▶ _Goal of the exercise_
Repeat every line of the data exactly, but not the pictures.

[Supplied data — start]

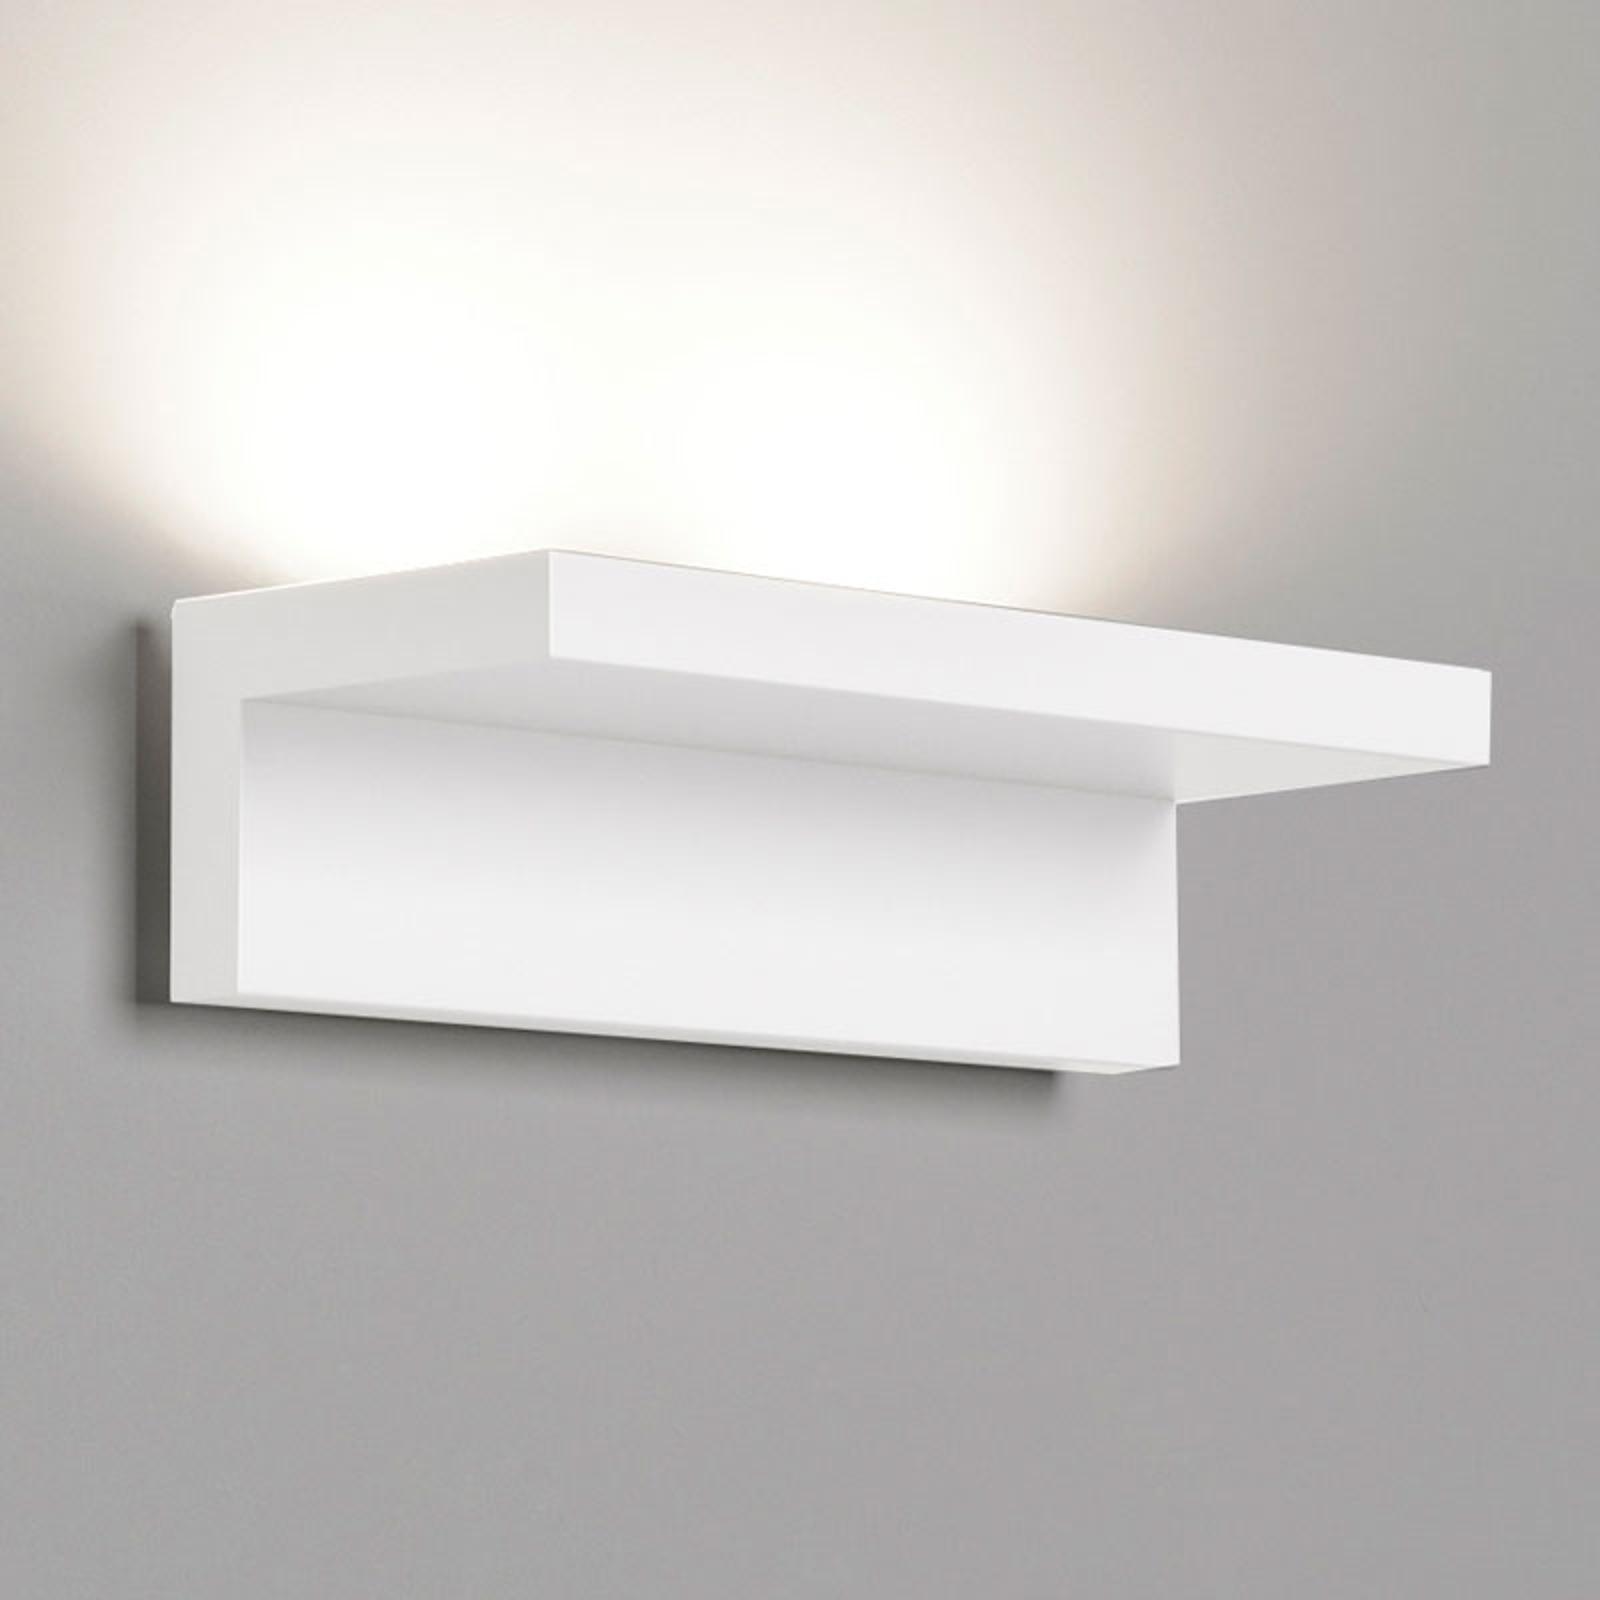 White Step LED wall light_8005135_1
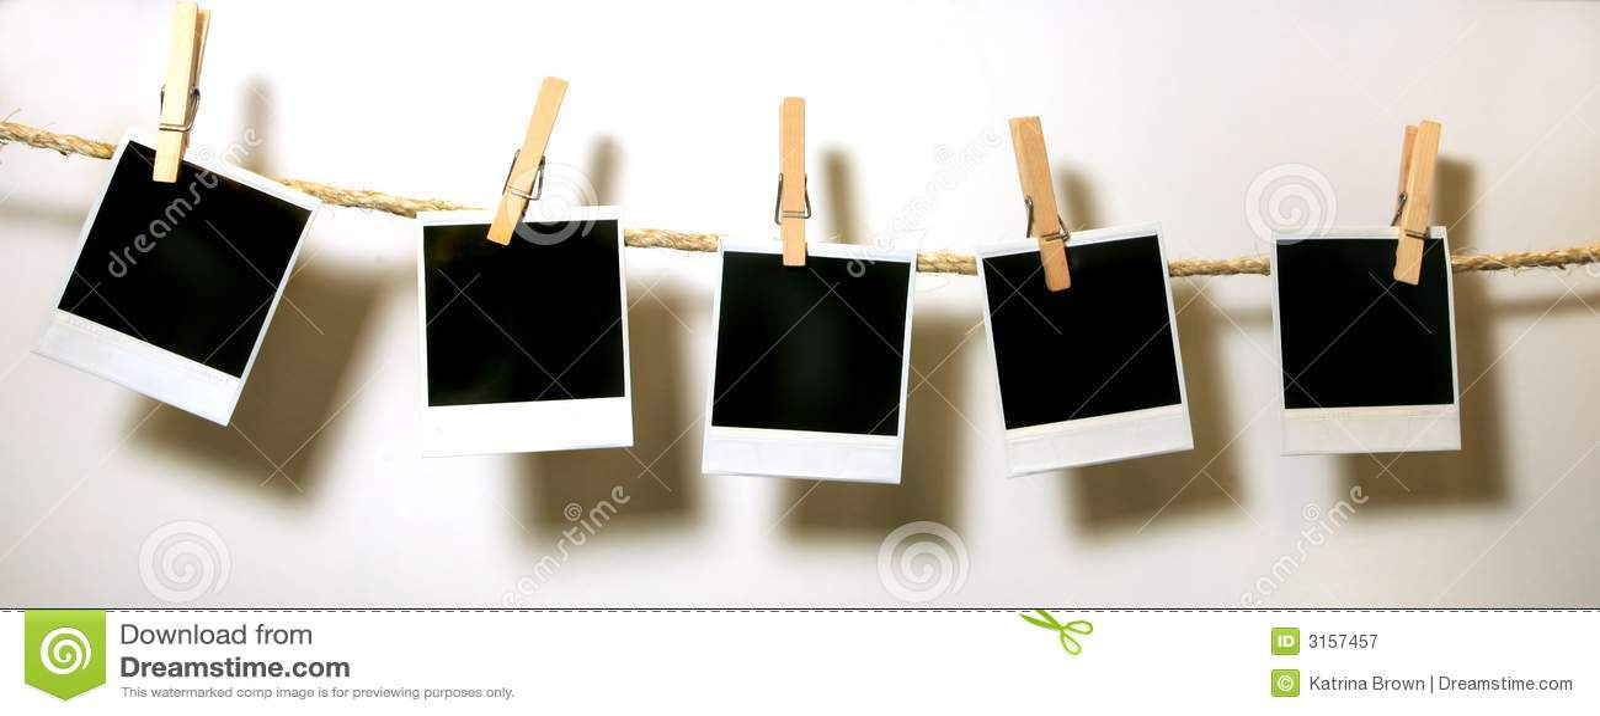 Pole Dance Clipart
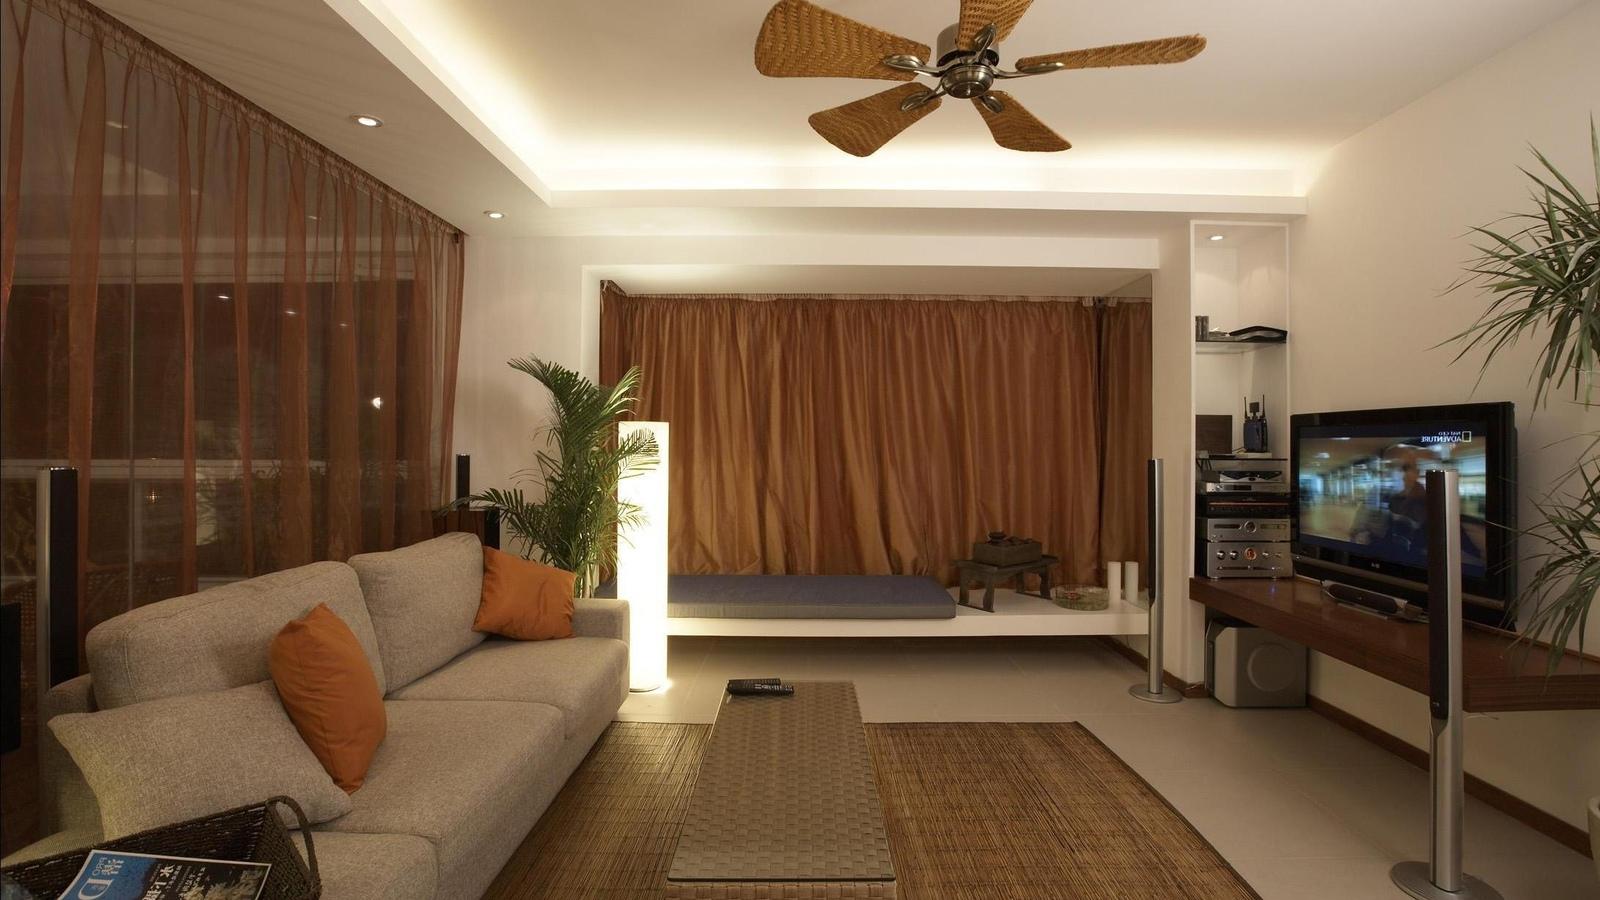 Идея для зала. фото
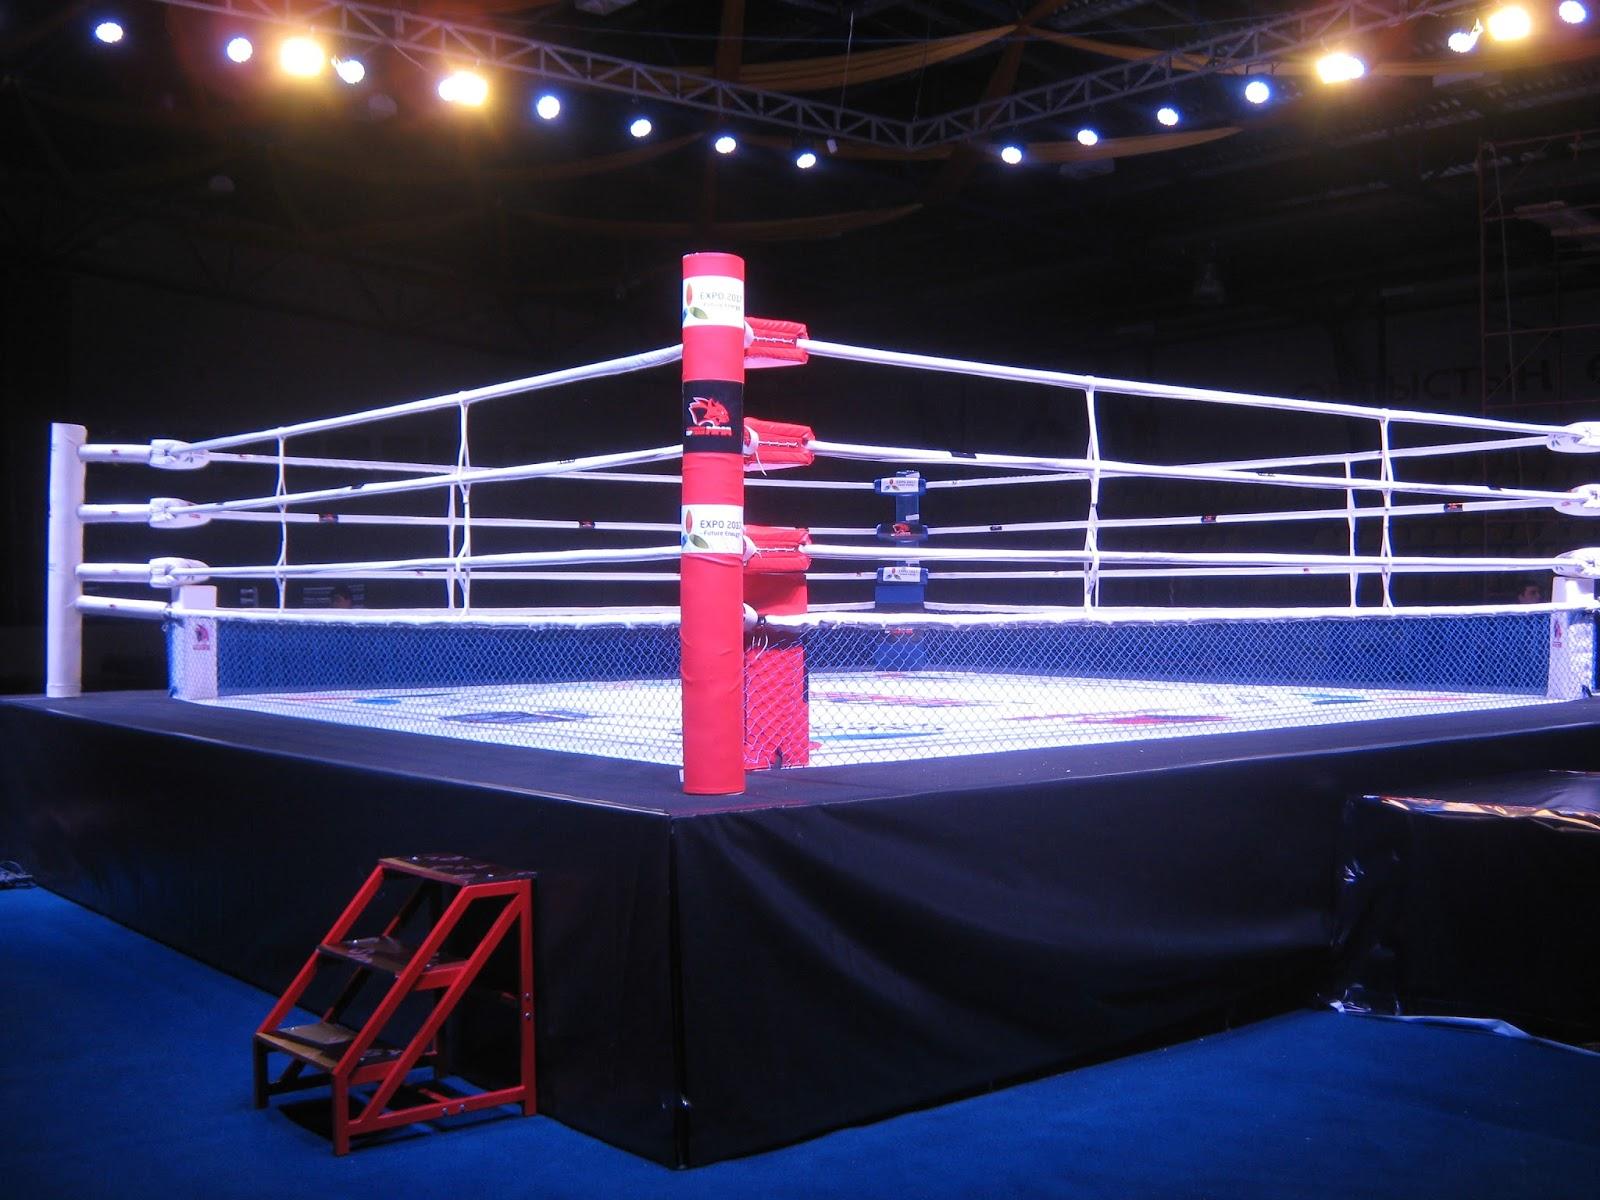 В коллекцию невероятных побед: Непобедимый украинский боксер выиграл бой кошмарным нокаутом

[Supplied data — finish]

▶ _Task output_
 White Step LED wall light_8005135_1
 Pole Dance Clipart
 Идея для зала. фото
 В коллекцию невероятных побед: Непобедимый украинский боксер выиграл бой кошмарным нокаутом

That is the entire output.